For abiotic stress, while no major changes were observed for TaZIFLs, TaZIFL4.1 (4B, 4D) and TaZIFL4.2 (4A, 4D) were found to be significantly downregulated by ~ 14-fold under phosphate deficiency, while TaZIFL6.2-4D was downregulated by threefold (Additional file 2: Figure S4a, Additional file 7: Table S6). Under heat, drought and heat-drought combined stress (Additional file 2: Figure S4a, Additional file 7: Table S6), TaZIFL7.1 (4A, 4D) and TaZIFL7.2-4D were induced by up to ~ sevenfold and ~ twofold respectively, whereas TaZIFL1.2 (3A, 3B, 3D) and TaZIFL5 (5A, 5B) were downregulated by 6 and 7.5-fold, respectively. No significant changes in the TaZIFL gene expression were observed for Fusarium head blight infected spikelets (Additional file 2: Figure S4b, Additional file 7: Table S6).

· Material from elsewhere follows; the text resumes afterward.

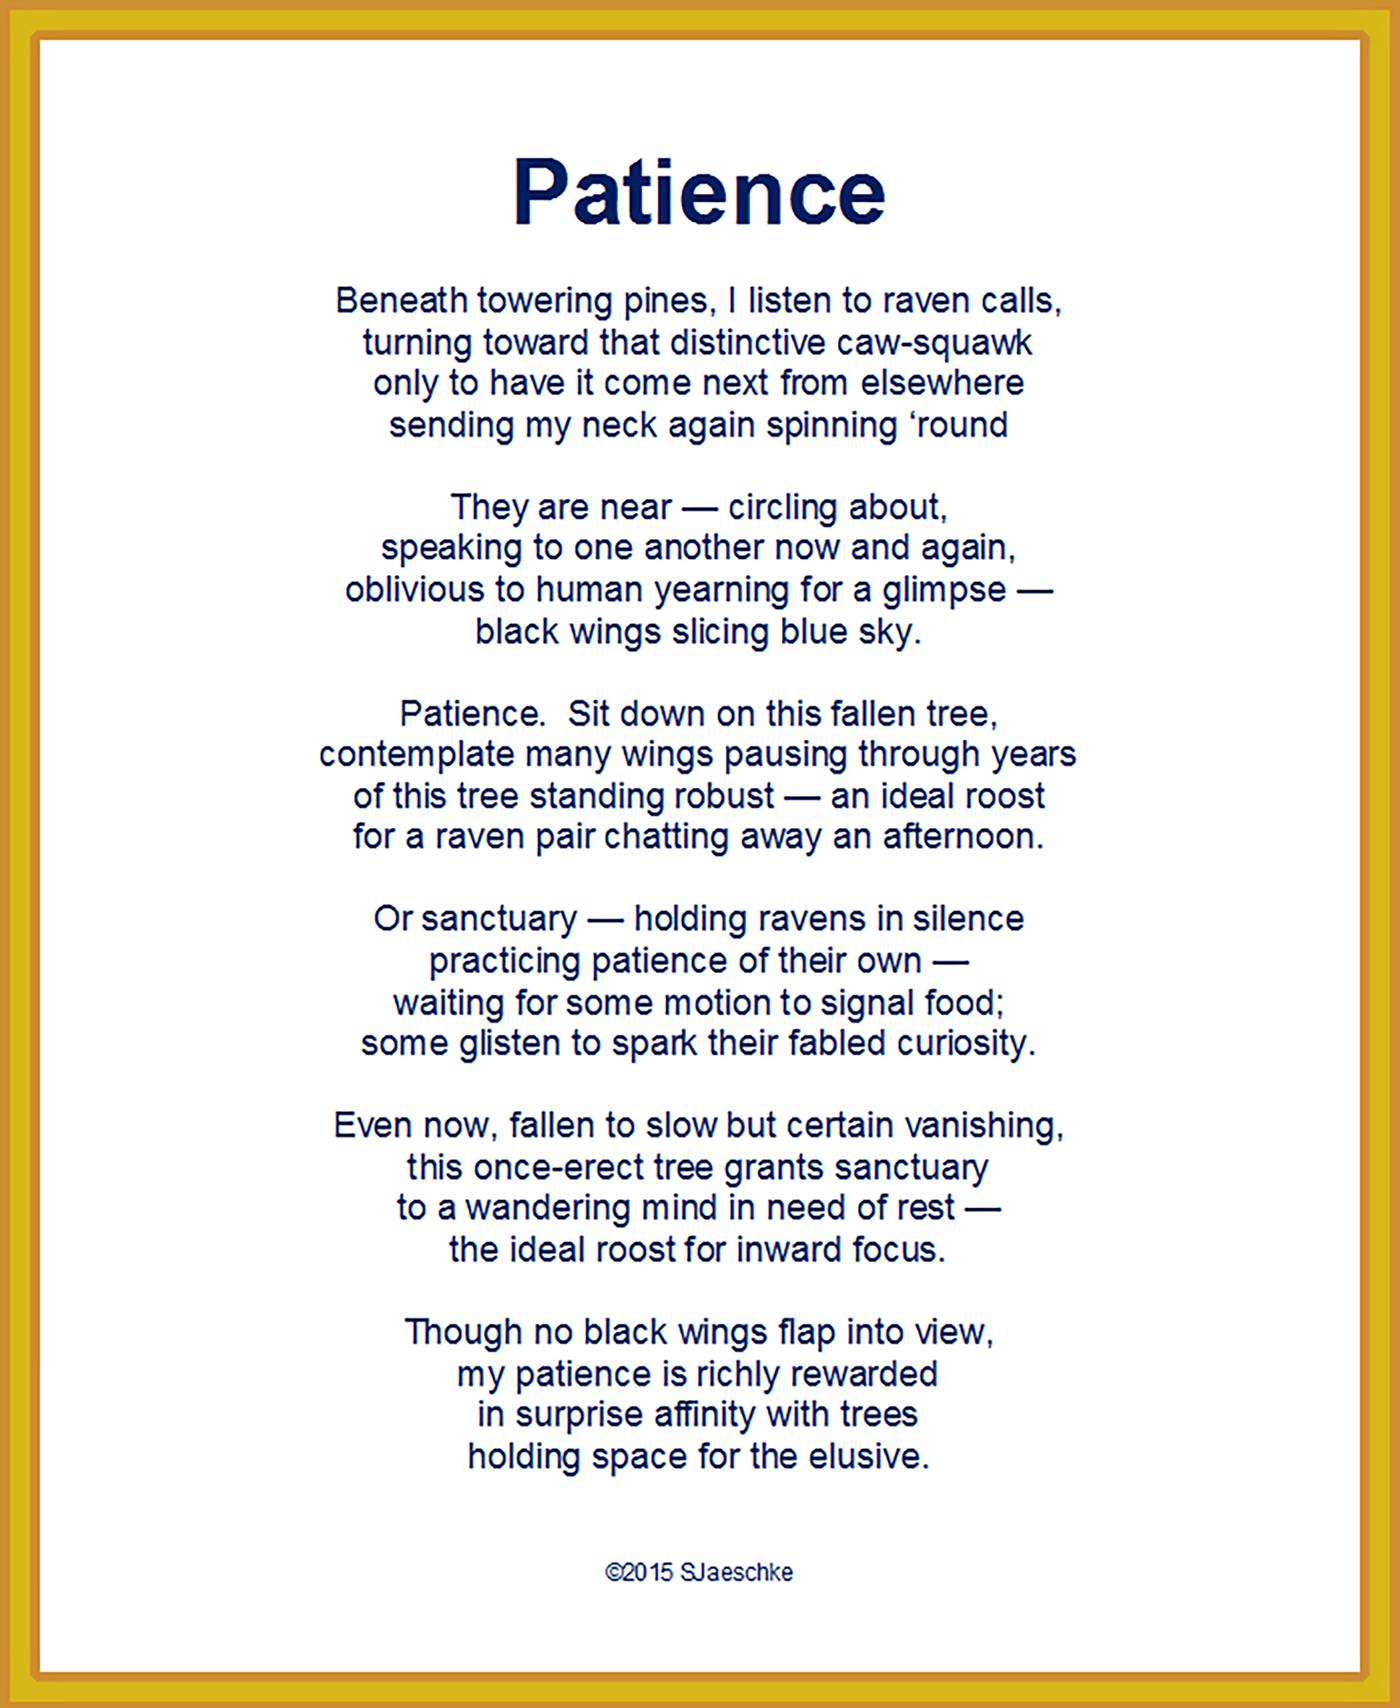 Post_2015-08-17_Poem_Patience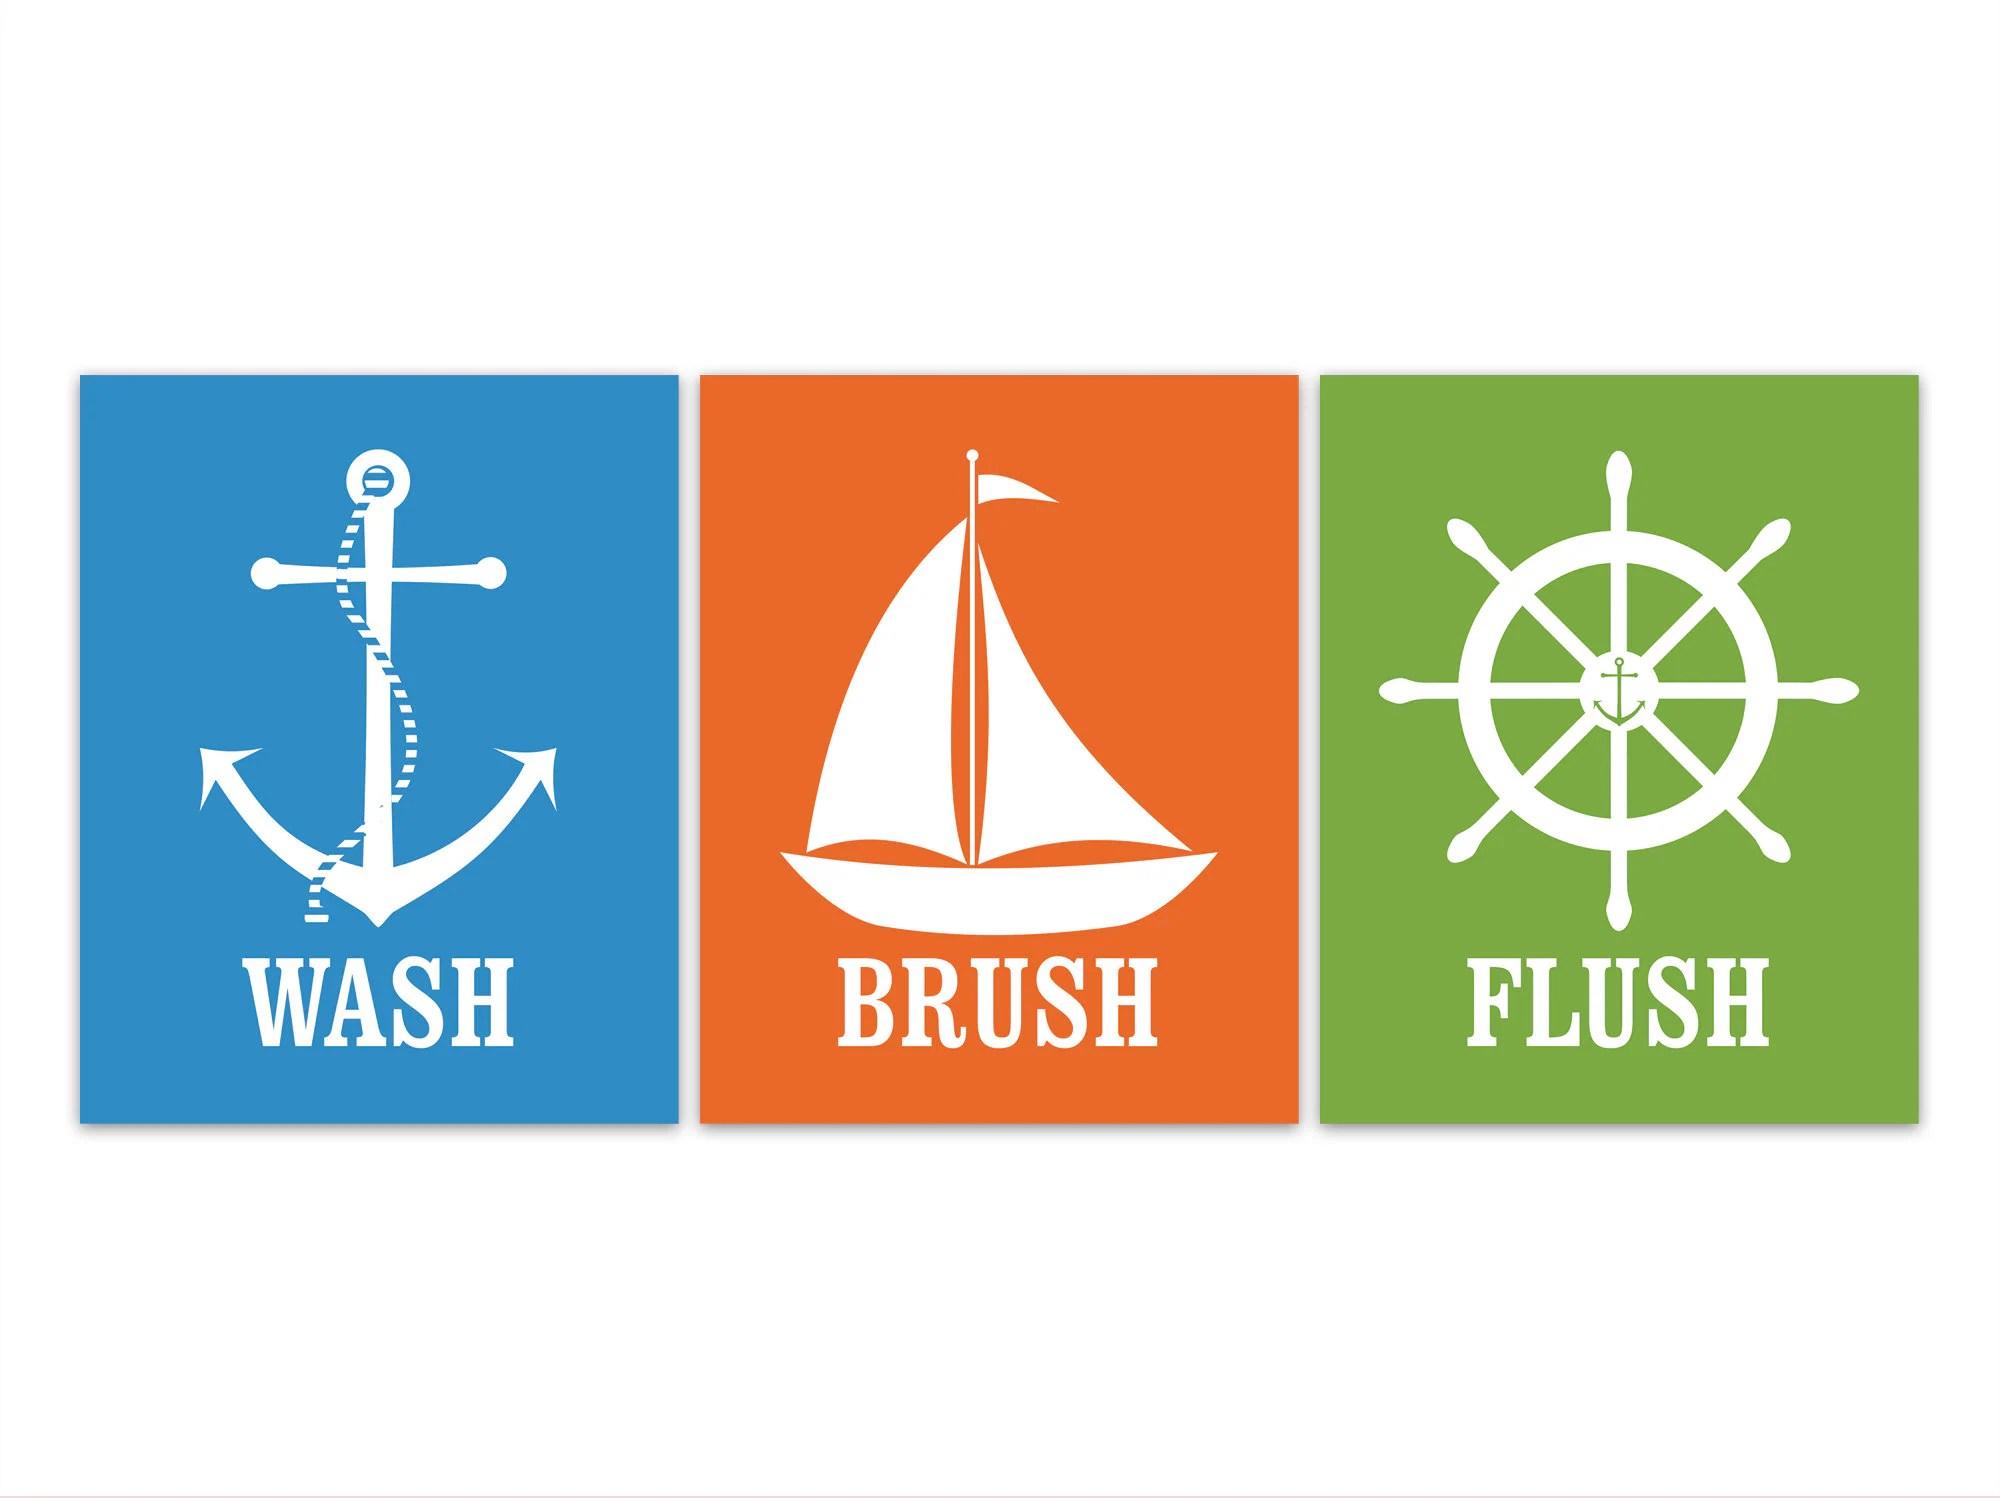 Wash Brush Flush Bathroom Rules Canvas Or Prints Nautical

For Septoria tritici infected seedlings, while a ~ twofold induction was observed for TaZIFL1.2 (3A, 3B) after 4 days of induction, prolonged infection (13 days), resulted in its downregulation. Other ZIFLs showing changed expression were TaZIFL1.2-3D and TaZIFL2.2-3A (> twofold up-regulation), TaZIFL3-4B (up to 2.7-fold downregulation). TaZIFL1.2 (3A, 3B, 3D) were also downregulated (up to ~ fourfold) in seedlings with stripe rust infection, while only TaZIFL1.2-3D was downregulated under powdery mildew infection. These expression data suggest that specific ZIFLs are differentially regulated under infection conditions and show perturbed expression under abiotic stresses.